_PROBLEM DESCRIPTION_
Lines from the one containing "Augusta Sportswear Girls" through the end of the listing are what is wanted, given again exactly with both ends included and pictures left out.

_SOURCE DATA_

------------------------

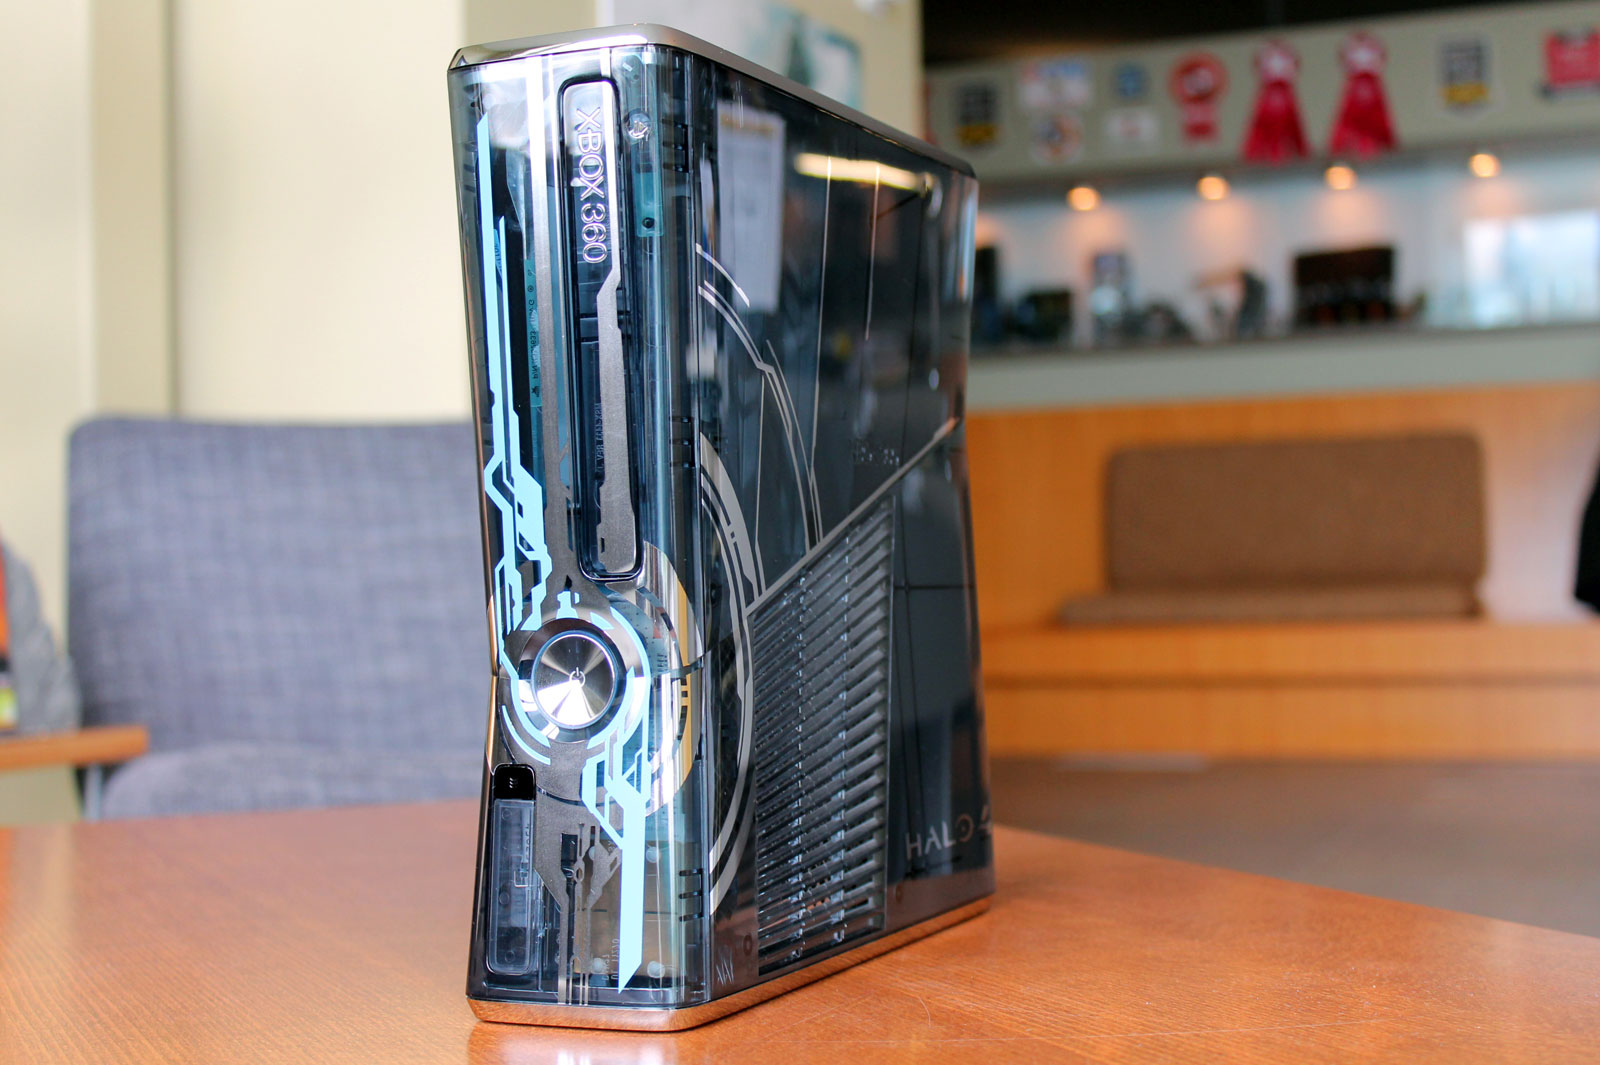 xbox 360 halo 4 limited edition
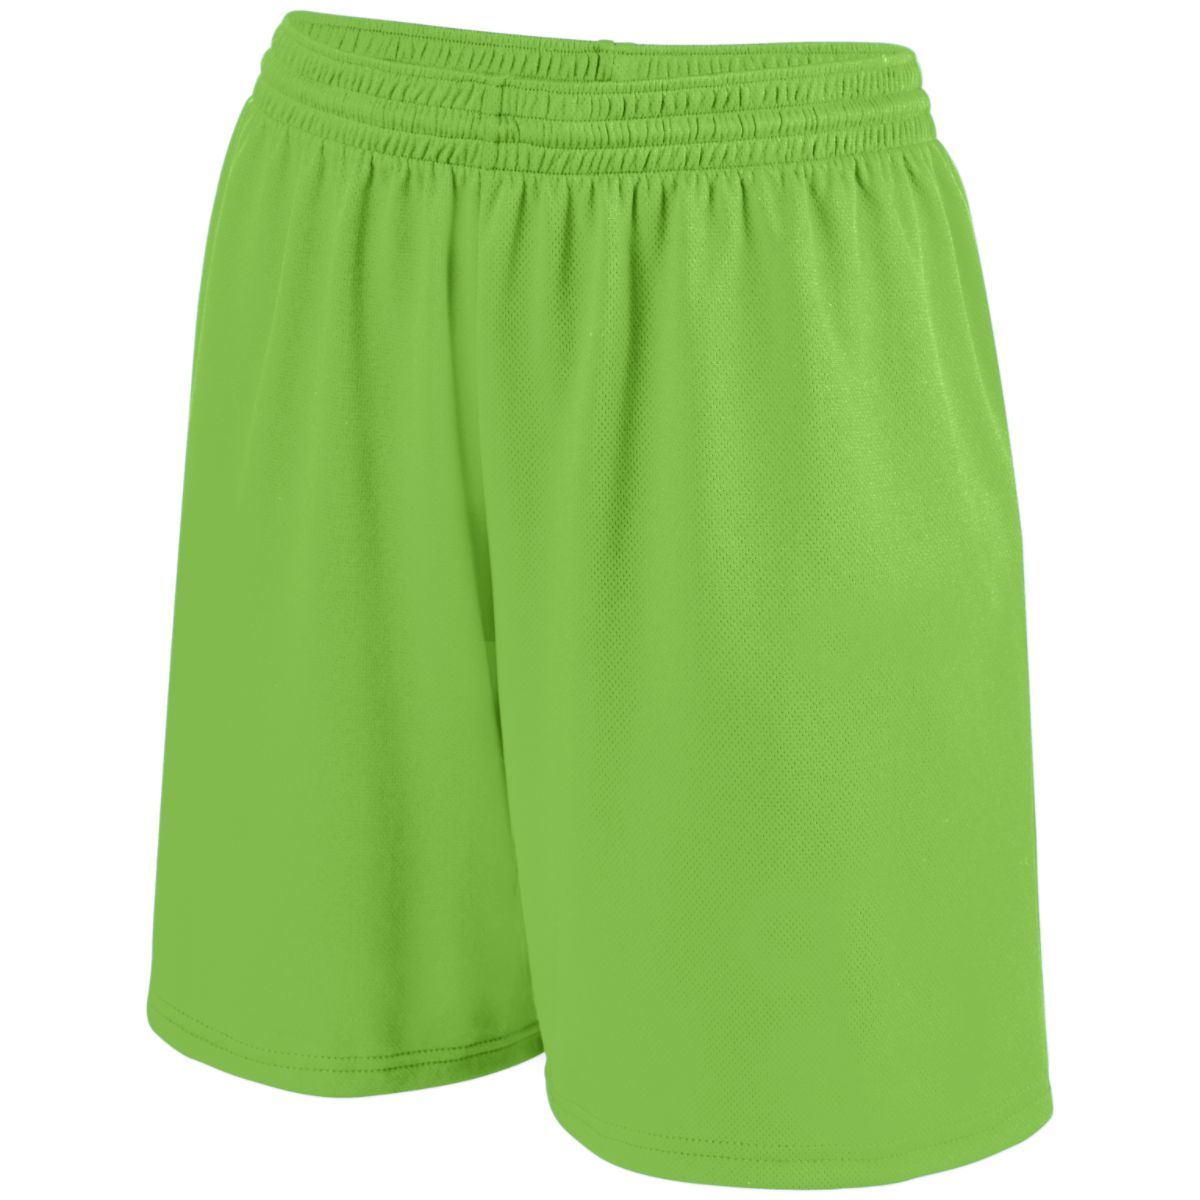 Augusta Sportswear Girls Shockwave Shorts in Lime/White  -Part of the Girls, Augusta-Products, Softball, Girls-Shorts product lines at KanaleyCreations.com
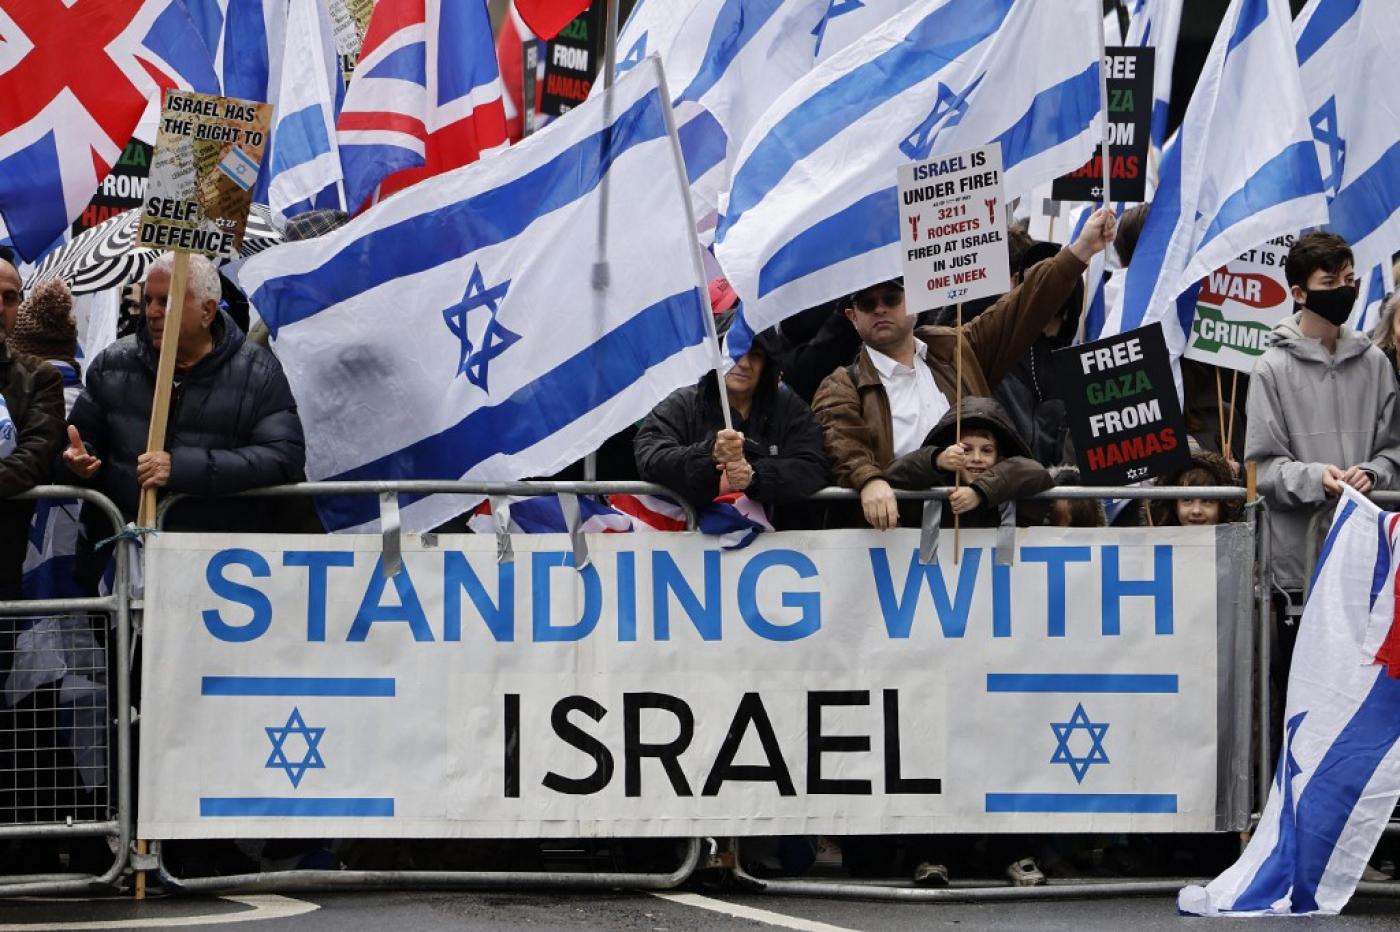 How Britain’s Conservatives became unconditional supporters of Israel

------------------------

_ANSWER BOX_
 Augusta Sportswear Girls Shockwave Shorts in Lime/White  -Part of the Girls, Augusta-Products, Softball, Girls-Shorts product lines at KanaleyCreations.com
 How Britain’s Conservatives became unconditional supporters of Israel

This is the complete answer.